Our latest featured breakout stock is a specialty drug company that is focused on the needs of physicians specializing in gastroenterology, explains Leo Fasciocco, editor of Ticker Tape Digest.

Salix Pharmaceuticals (SLXP) seeks to identify and acquire products that have near-term commercial potential and apply its regulatory and product development expertise to commercialize the products.

The company selects products that it believes serve to heal a gastrointestinal disease. Annual revenues are $933 million.

Technically, SLXP's stock is in a 10-week, double bottom base. The base is well formed and within an overall “U” trend. The stock has since put down a classic "W" base. The second low, in mid-April, undercut the prior low. That is bullish, indicating a final shakeout.

With strong profits coming this year, we see SLXP in a good position to be accumulated in anticipation of a breakout.
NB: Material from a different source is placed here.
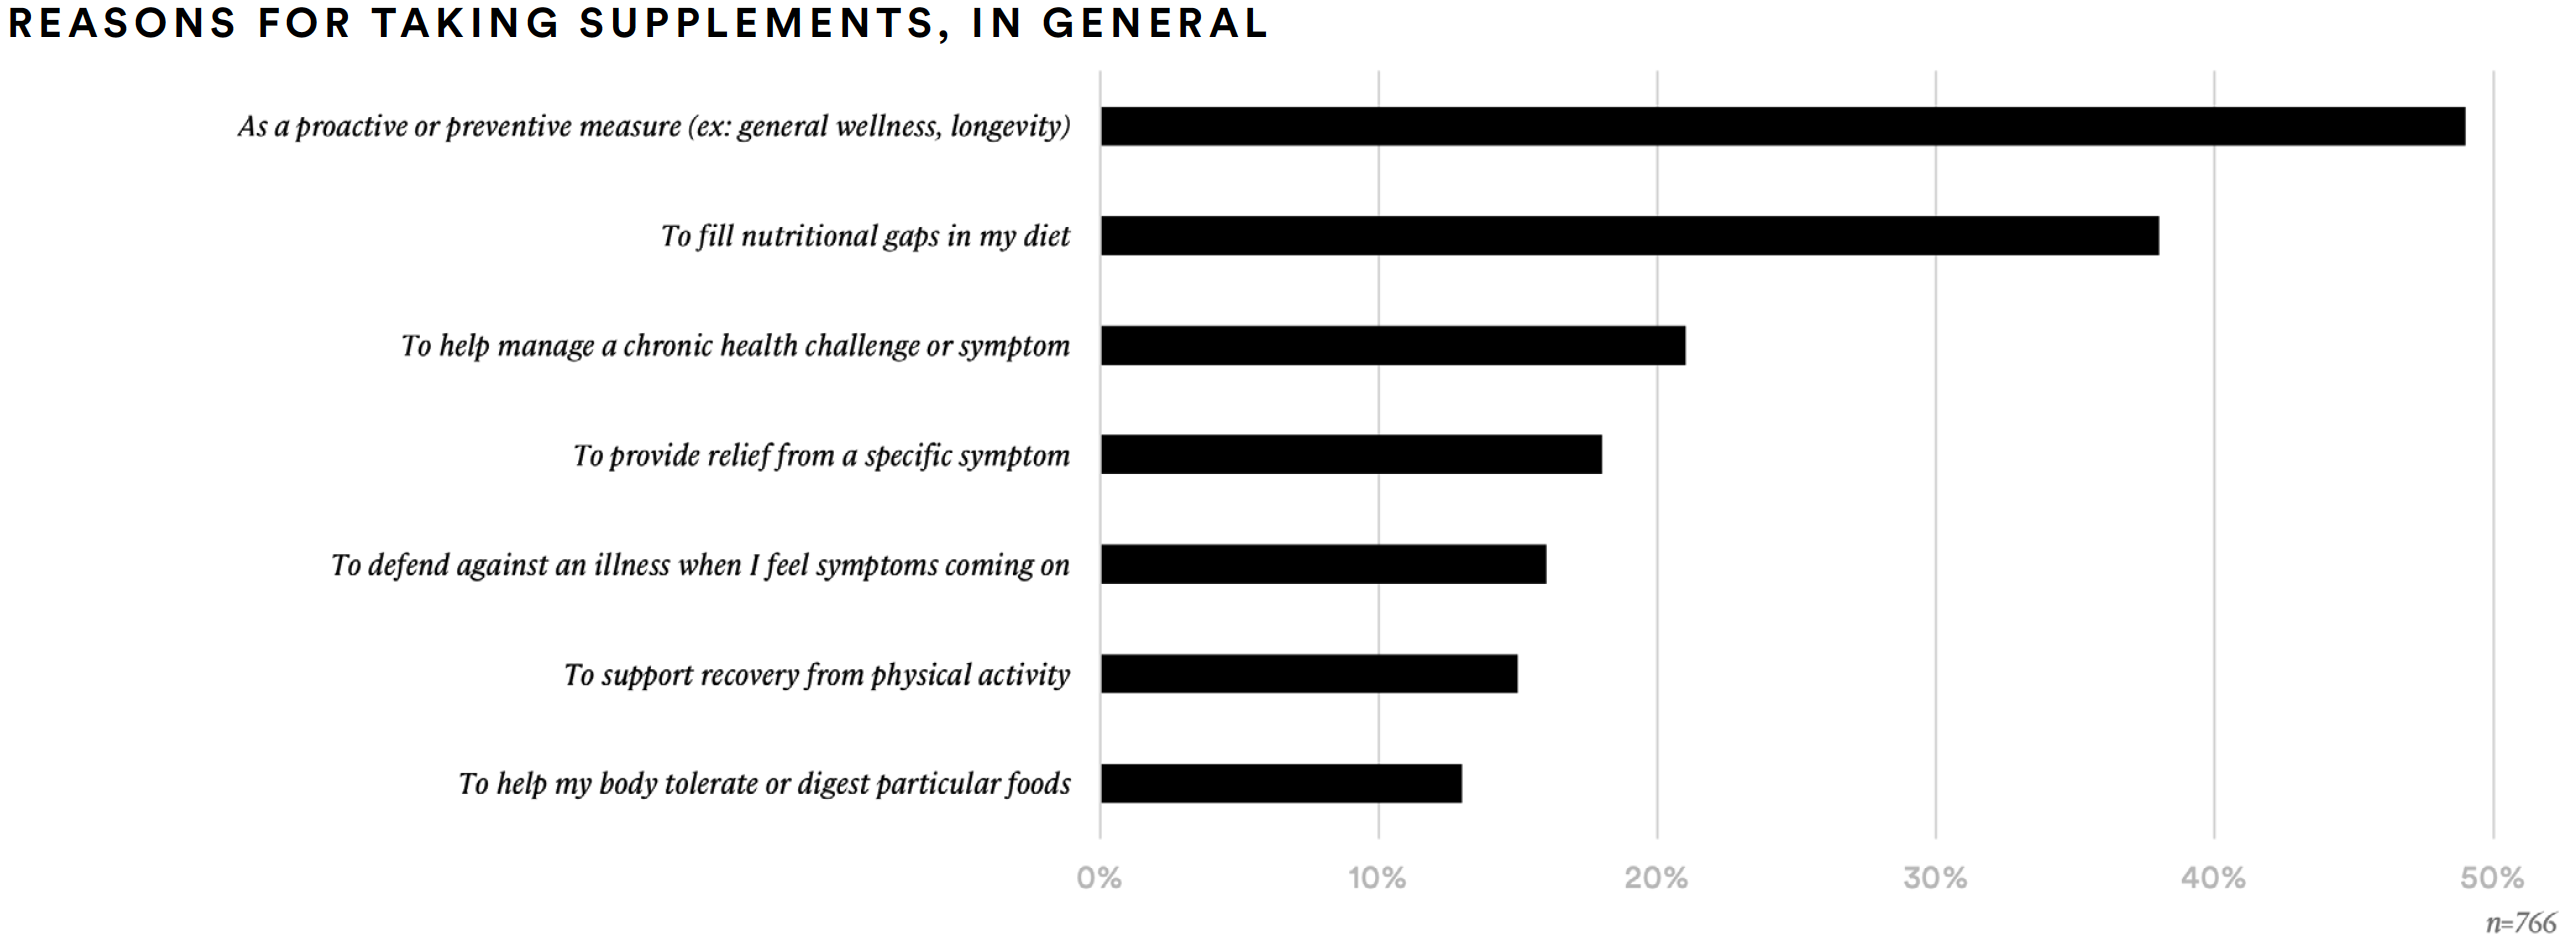 reasons for taking supplements, in general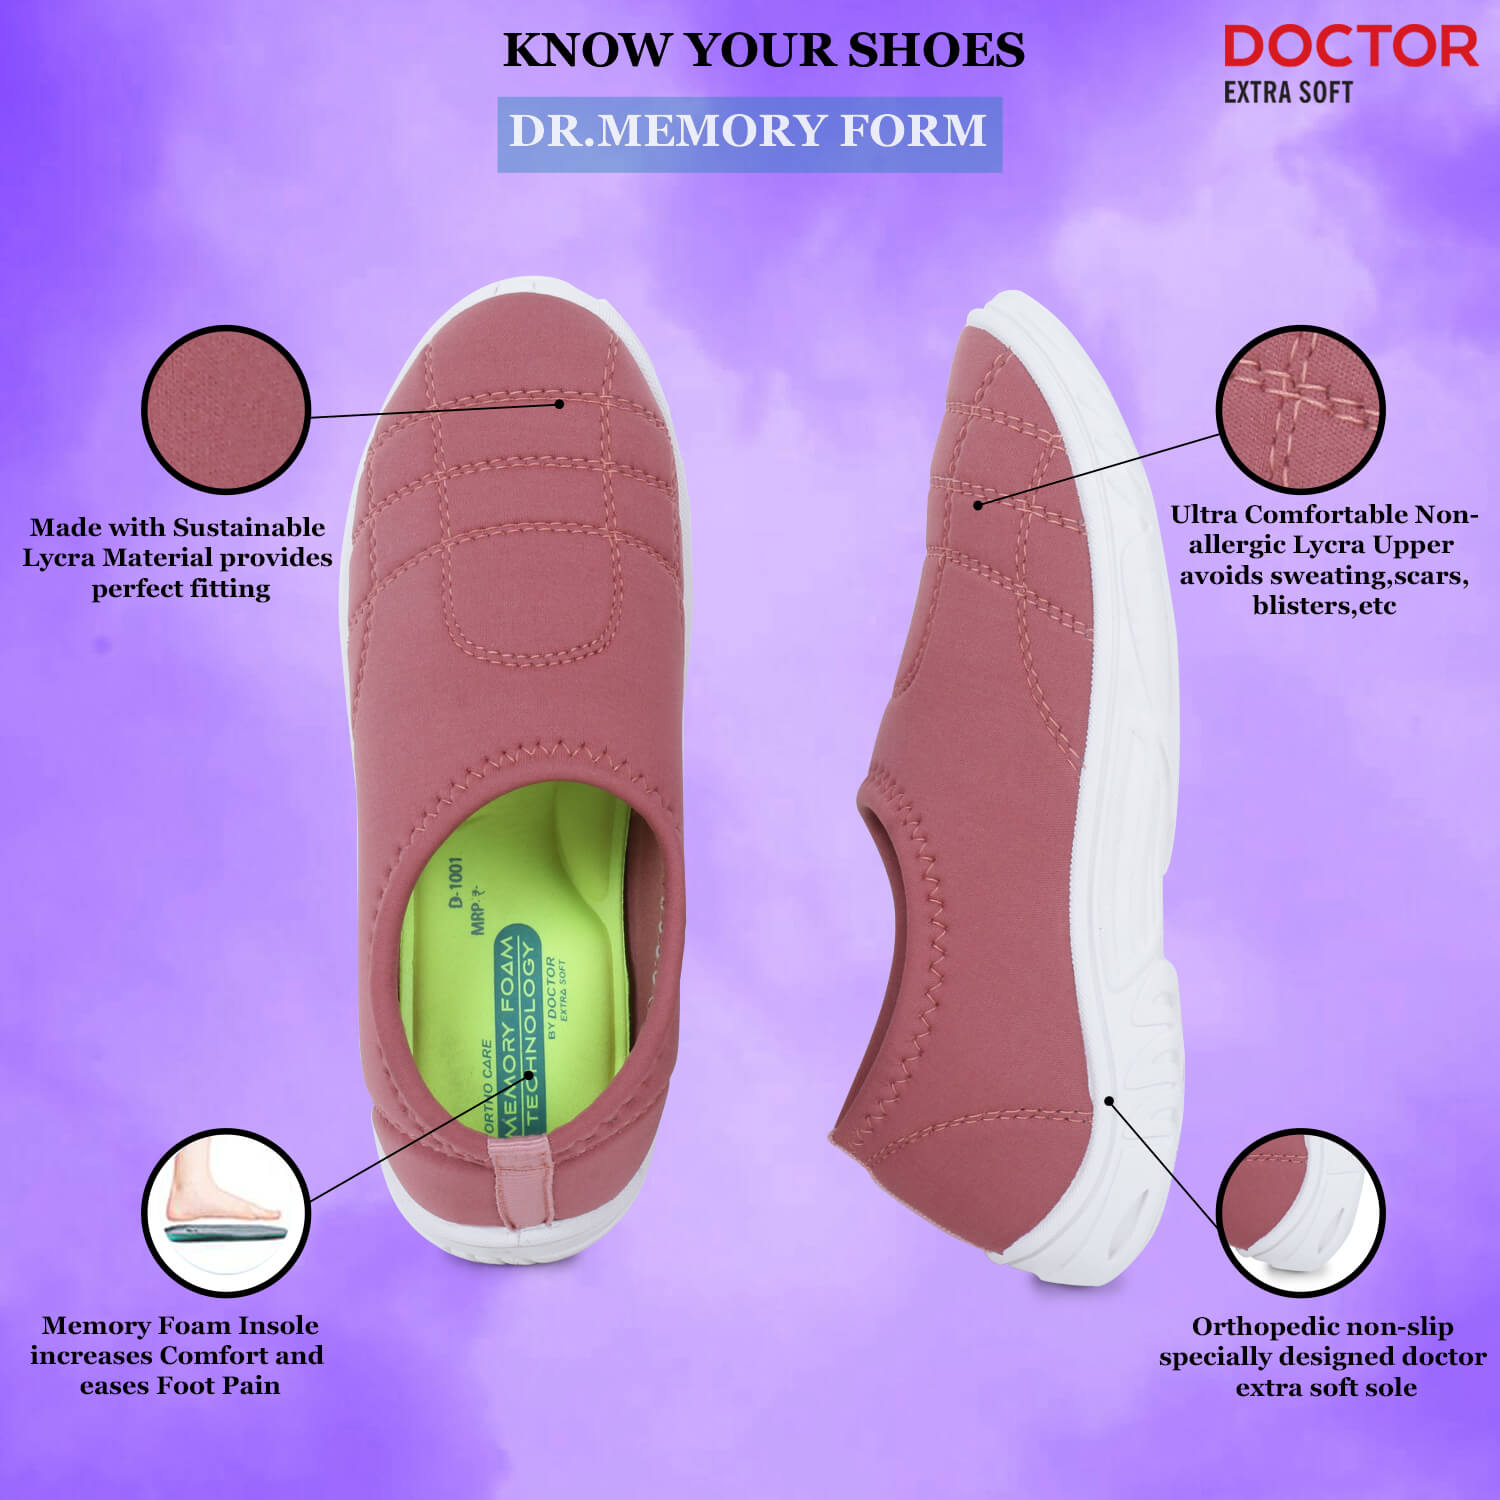 BATA CHAPPAL SLIPPERS SHOES WOMEN FOOTWEAR COLLECTION IMAGES FOR LADIES  CAUSAL FORMAL FOOTWEAR - YouTube | Slipper shoes women, Arch support shoes, Bata  shoes

This year, analysts are forecasting a robust 42% surge in profits to $4.61 a share from $3.25 a year ago. The stock sells with a price-earnings ratio of 23. We see that as low, making the stock a good growth-value play for investors.

Meanwhile, institutional sponsorship is excellent. Many funds that rate 4- or 5-stars hold major positions in the stock.

The largest fund buyer recently was 4-star rated Fidelity Select HealthCare Portfolio Fund which purchased 130,230 shares. The largest fund holder is 4-star rated Vanguard Health Care Fund with a 3.4% stake. It has held its position steady.

The stock went public in late 2000 trading around $5. However, in early 2009, the stock began to head higher—and did it! The stock has since soared to a peak of $120 earlier this year.

We suggest accumulation of a partial sake in SLXP in anticipation of a breakout. The stock is most suitable now for an aggressive investor. Further buying can be done on a breakout over $117.10. We are targeting SLXP for a move to $140 after a breakout.